Apache OpenNLP is a machine learning based toolkit for the processing of natural language text. It supports the most common NLP tasks, such as tokenization, sentence segmentation, part-of-speech tagging, named entity extraction, chunking, parsing, and coreference resolution. These tasks are usually required to build more advanced text processing services.
DKPro WSD provides UIMA components which encapsulate corpus readers, linguistic annotators, lexical semantic resources, WSD algorithms, and evaluation and reporting tools. You configure the components, or write new ones, and arrange them into a data processing pipeline. DKPro WSD is modular and flexible. Components which provide the same functionality can be freely swapped. You can easily run the same algorithm on different data sets, or test several different algorithms on the same data set.
DKPro Lab is a lightweight framework for parameter sweeping experiments. It allows the user to set up experiments consisting of multiple interdependent tasks in a declarative manner with minimal overhead. Parameters are injected into tasks using via annotated class fields. Data produced by a task for any particular parameter configuration is stored and re-used whenever possible to avoid needless recalculation of results. Reports can be attached to each task to post-process the experimental results and present them in a convenient manner (e.g., as tables or charts).
JWKTL (Java-based Wiktionary Library) is an application programming interface for the free multilingual online dictionary Wiktionary. Wiktionary is collaboratively constructed by volunteers and continually growing. JWKTL enables efficient and structured access to the information encoded in the English, German, and Russian Wiktionary language editions, including sense definitions, part of speech tags, etymology, example sentences, translations, semantic relations, and many other lexical information types.
DKPro Similarity is a framework for text similarity. Its goal is to provide a comprehensive repository of text similarity measures which are implemented using standardized interfaces. The framework is designed to complement DKPro Core, a collection of software components for natural language processing (NLP) based on the Apache UIMA framework. DKPro Similarity comprises a wide variety of measures ranging from ones based on simple n-grams and common subsequences to high-dimensional vector comparisons and structural, stylistic, and phonetic measures. In order to promote the reproducibility of experimental results and to provide reliable, permanent experimental conditions for future studies, DKPro Similarity also comes with a set of full-featured experimental setups which can be run out-of-the-box and used for future systems to built upon.

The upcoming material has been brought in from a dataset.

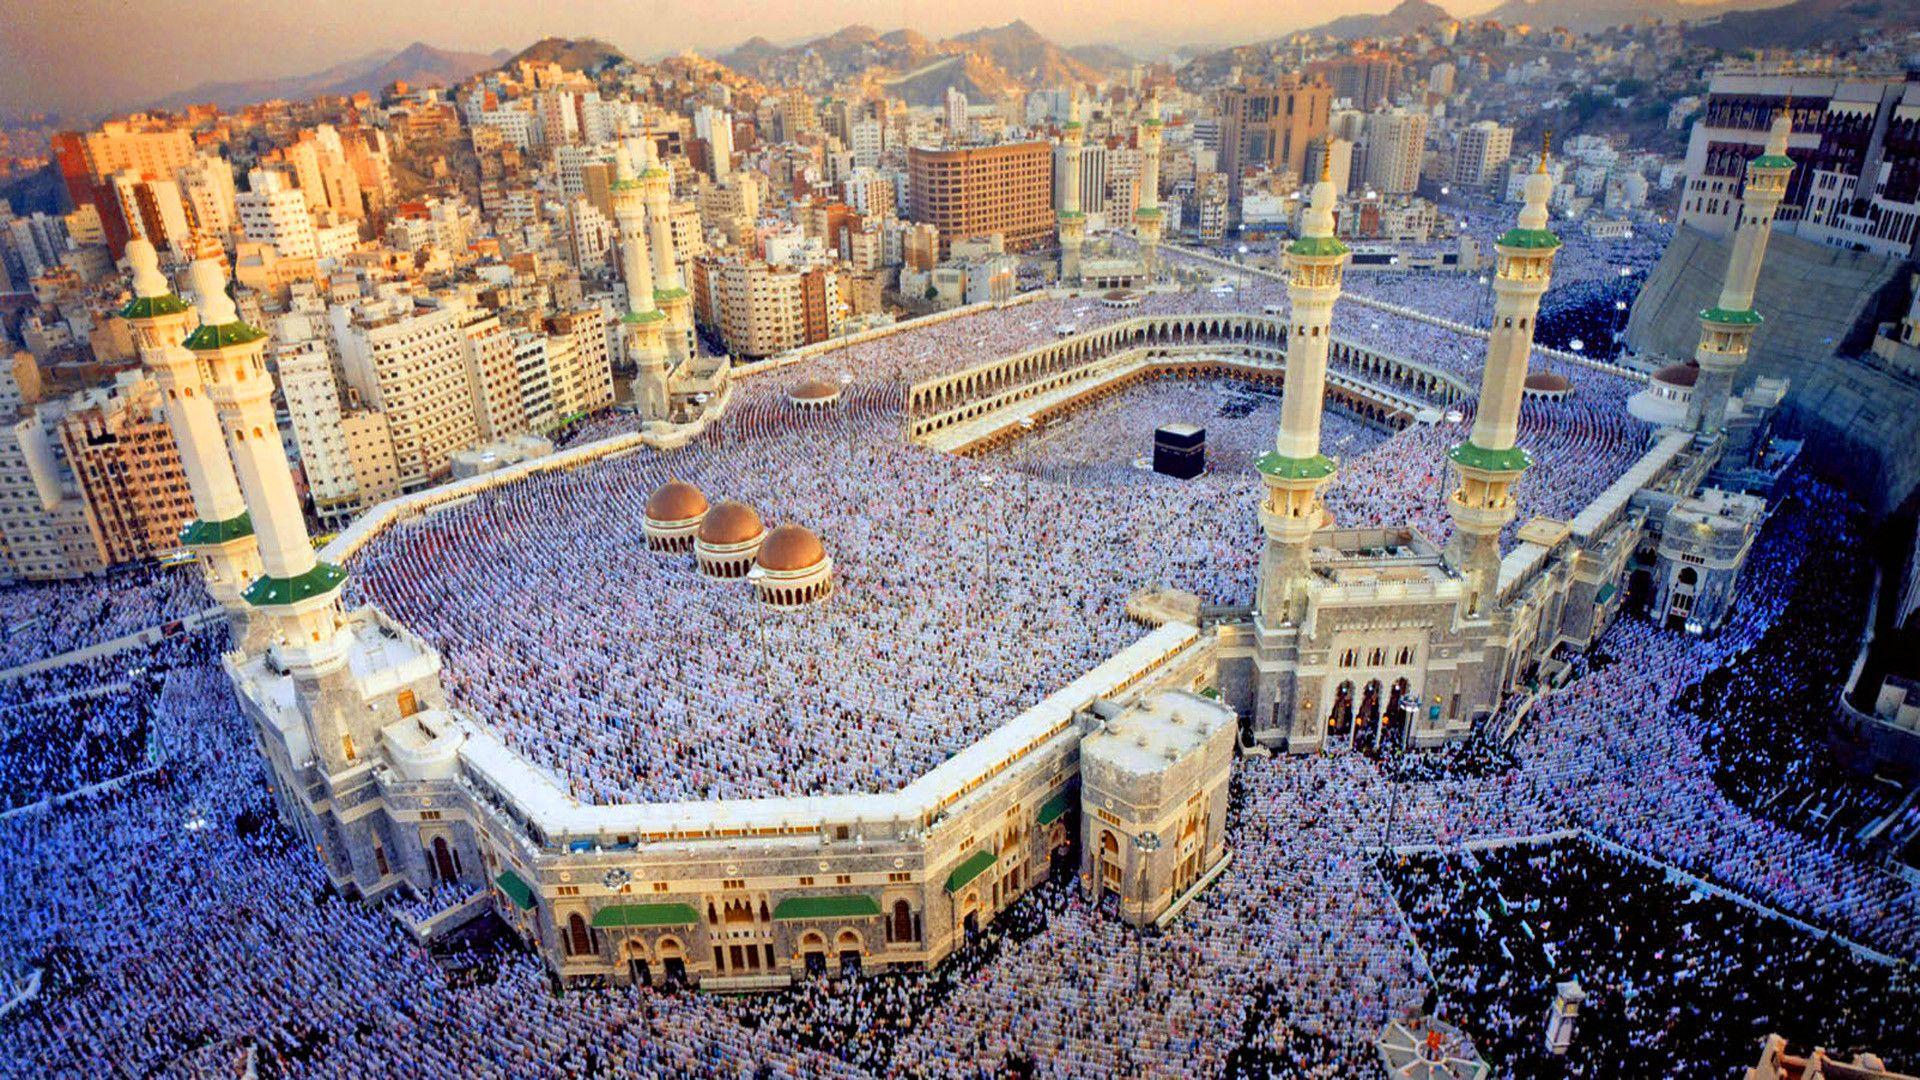 Мекка в каком городе. Мечеть Аль-харам (Запретная мечеть), Мекка. Саудовская Аравия Мекка Кааба. Мечети Мекки и Медины. Масджид Аль-харам – Мекка, Саудовская Аравия.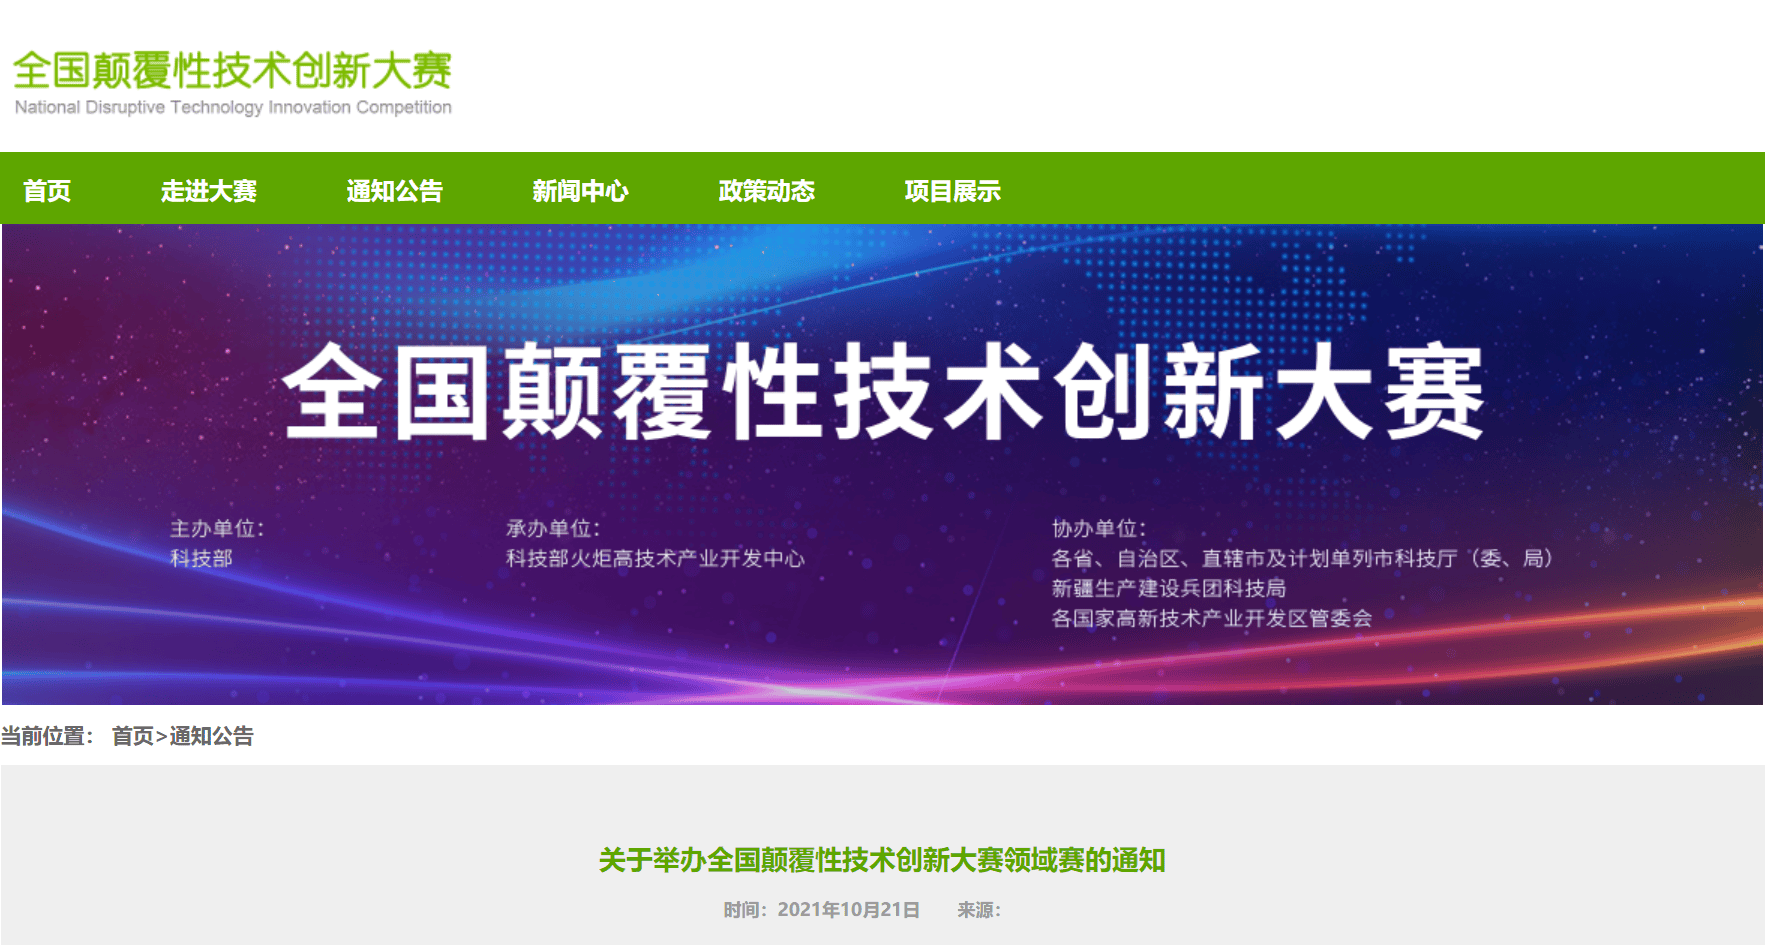 上海聯淨全國顛覆性技術創新大賽領域賽入圍

Apache UIMA DUCC (Distributed UIMA Cluster Computing) is a cluster management system providing tooling, management, and scheduling facilities that automate the scale-out of applications written using the UIMA framework. Core UIMA provides a generalized framework for applications that process unstructured information such as human language, but does not provide a scale-out mechanism. UIMA-AS extends UIMA and provides a scale-out mechanism for distributing UIMA pipelines over a cluster of computing resources, but does not provide job or cluster management of the resources. DUCC extends UIMA-AS by defining a formal job model that closely maps to a standard UIMA pipeline. Around this job model DUCC provides cluster management services to automate the scale-out of UIMA pipelines over computing clusters.